- _Instructions to follow_:
For this listing, reproduce the line with "Compromisso e posse", the line with "Nicolas Sarkozy y", and the lines between, exactly as they stand. Leave out pictures and all other lines.

- _Exercise materials_:
━━━━

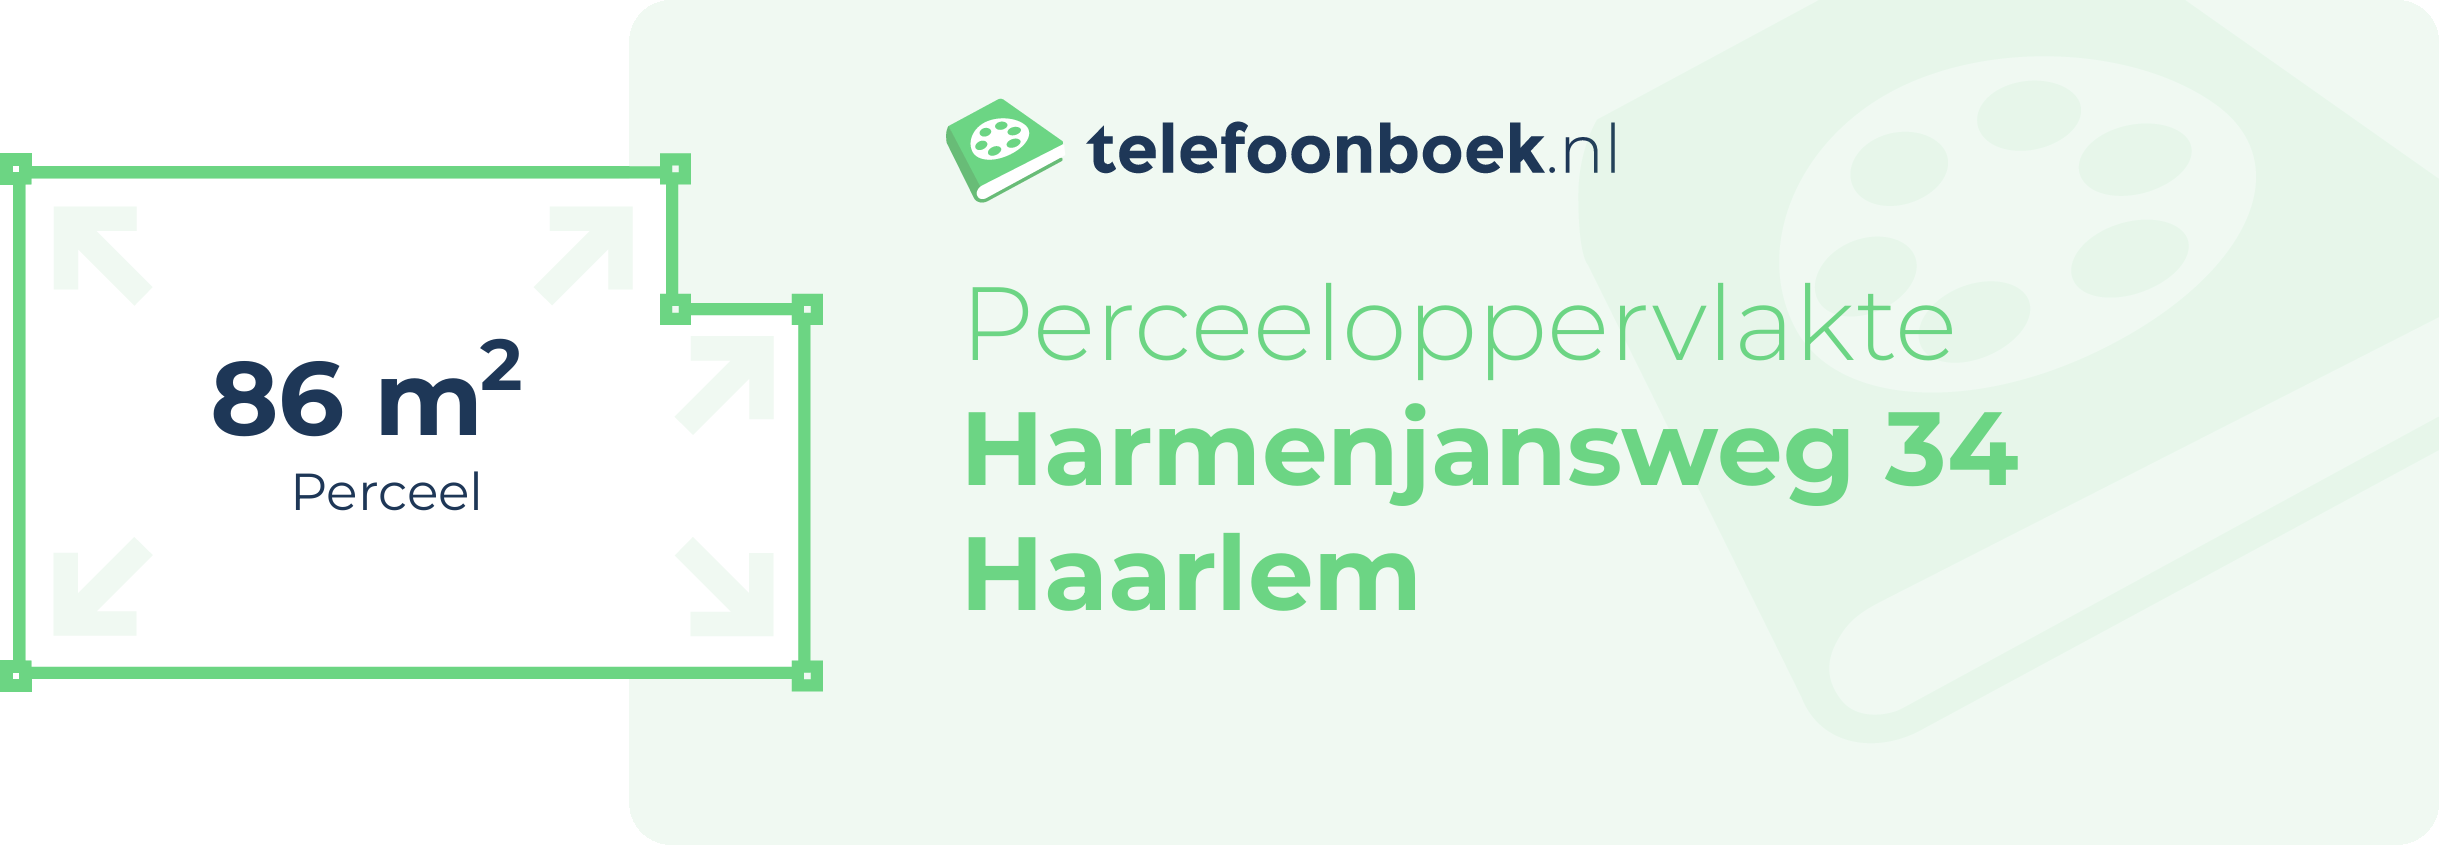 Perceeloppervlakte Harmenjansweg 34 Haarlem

━━━━

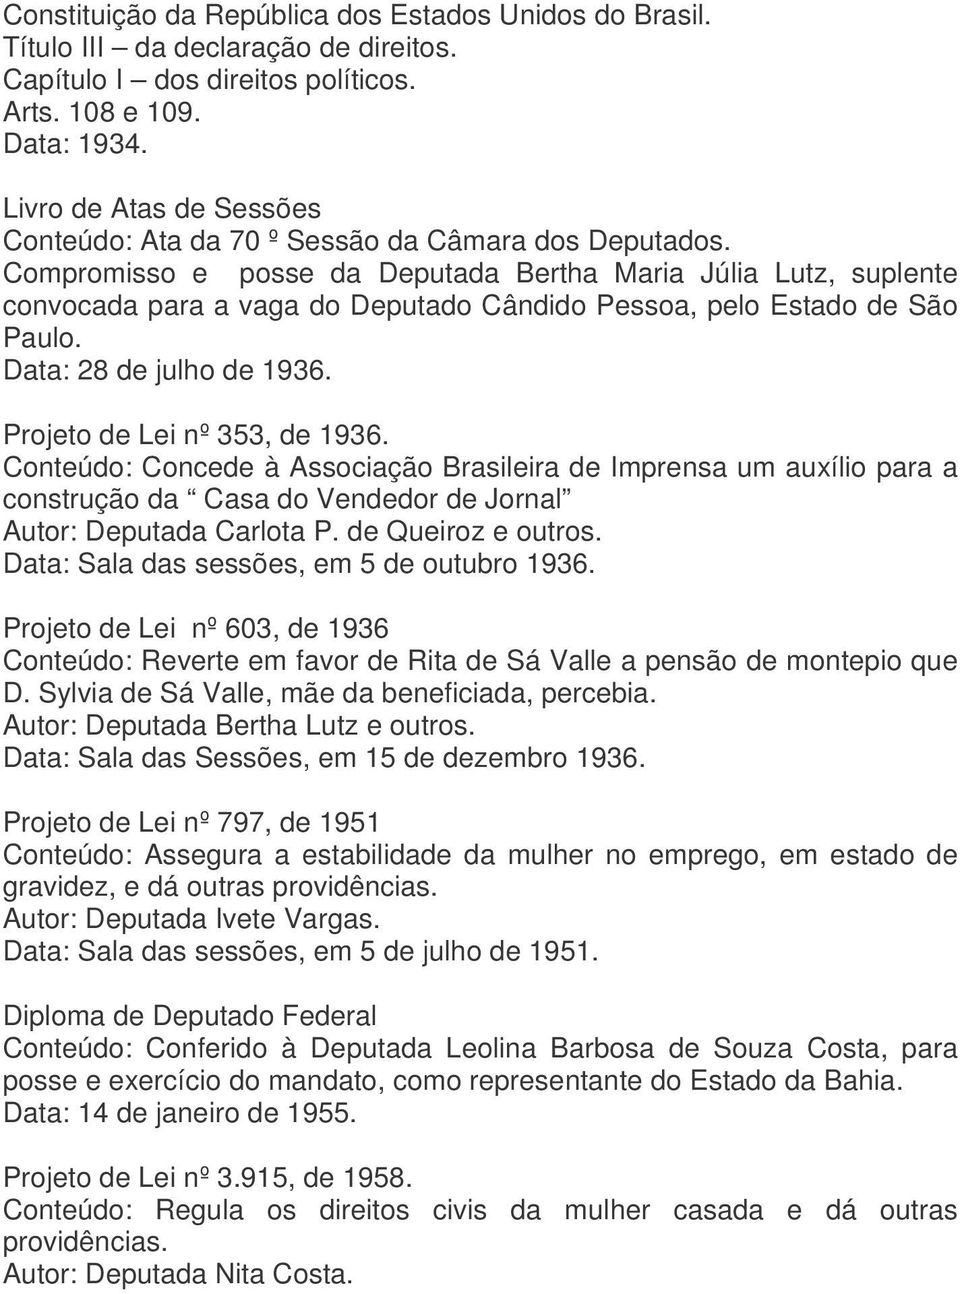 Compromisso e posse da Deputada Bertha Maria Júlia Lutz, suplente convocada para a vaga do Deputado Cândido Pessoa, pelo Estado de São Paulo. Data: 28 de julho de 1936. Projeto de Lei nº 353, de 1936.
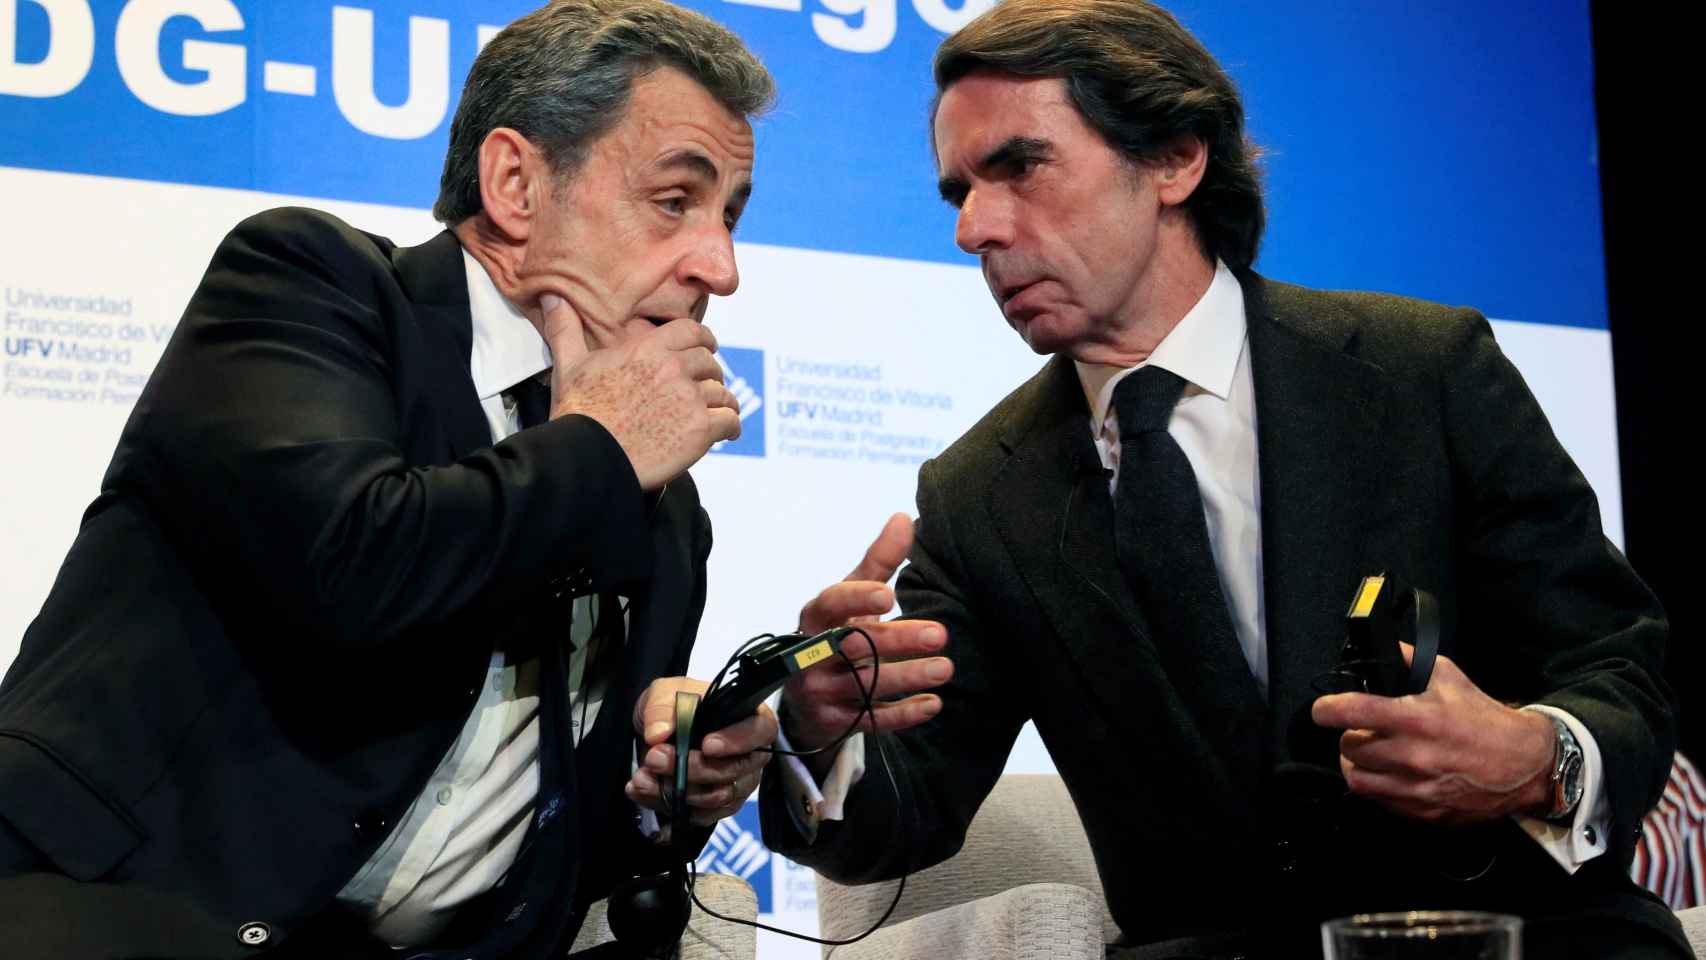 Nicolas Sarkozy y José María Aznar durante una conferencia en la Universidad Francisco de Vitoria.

━━━━

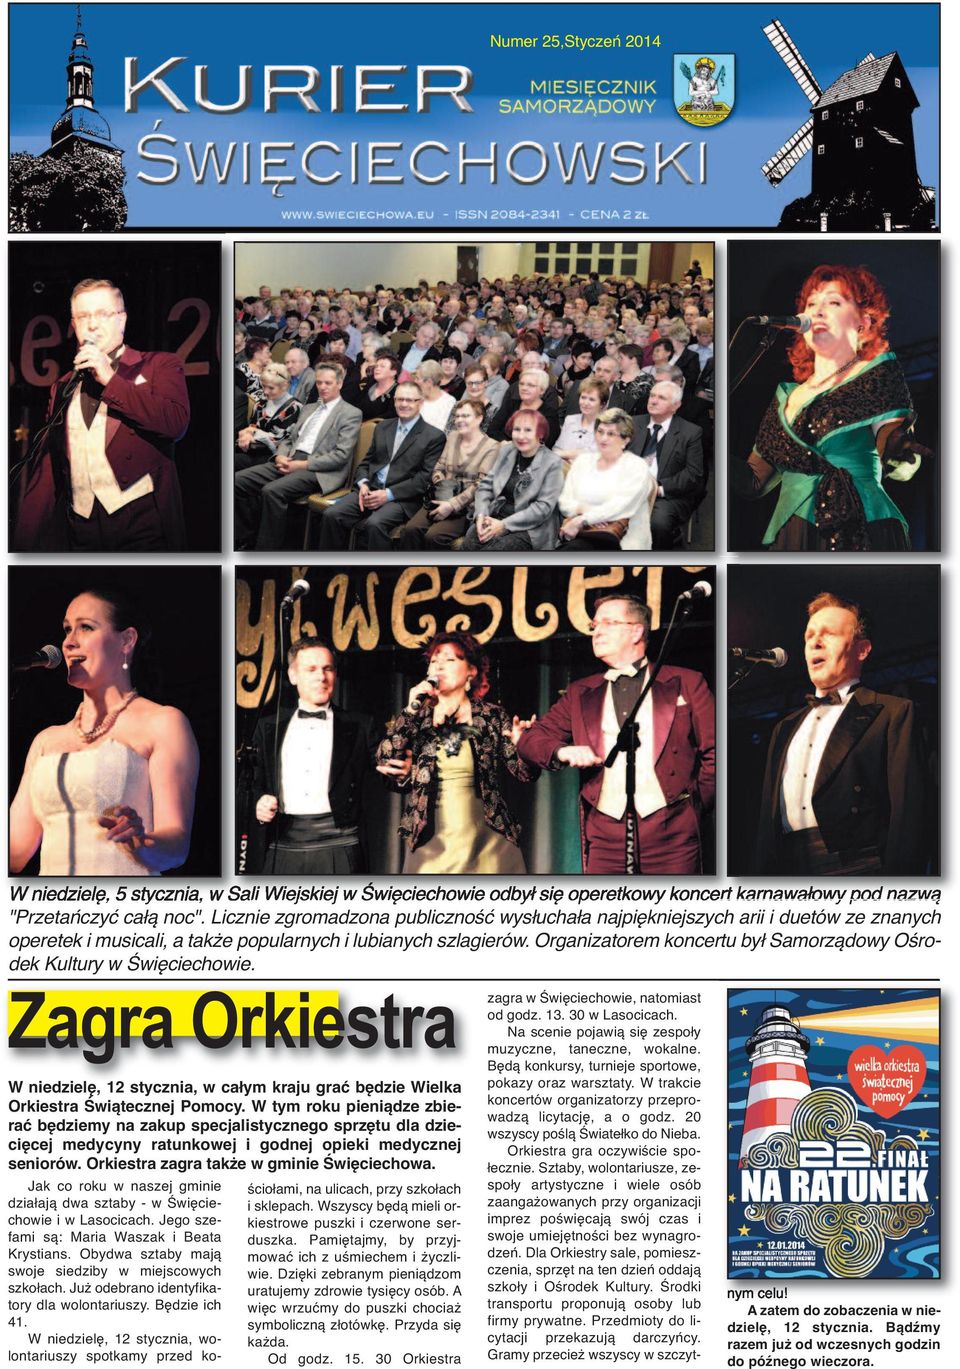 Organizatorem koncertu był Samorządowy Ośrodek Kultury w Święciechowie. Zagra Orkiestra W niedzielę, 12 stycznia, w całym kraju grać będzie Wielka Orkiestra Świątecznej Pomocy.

━━━━

- _Written reply_:
 Compromisso e posse da Deputada Bertha Maria Júlia Lutz, suplente convocada para a vaga do Deputado Cândido Pessoa, pelo Estado de São Paulo. Data: 28 de julho de 1936. Projeto de Lei nº 353, de 1936.
 Nicolas Sarkozy y José María Aznar durante una conferencia en la Universidad Francisco de Vitoria.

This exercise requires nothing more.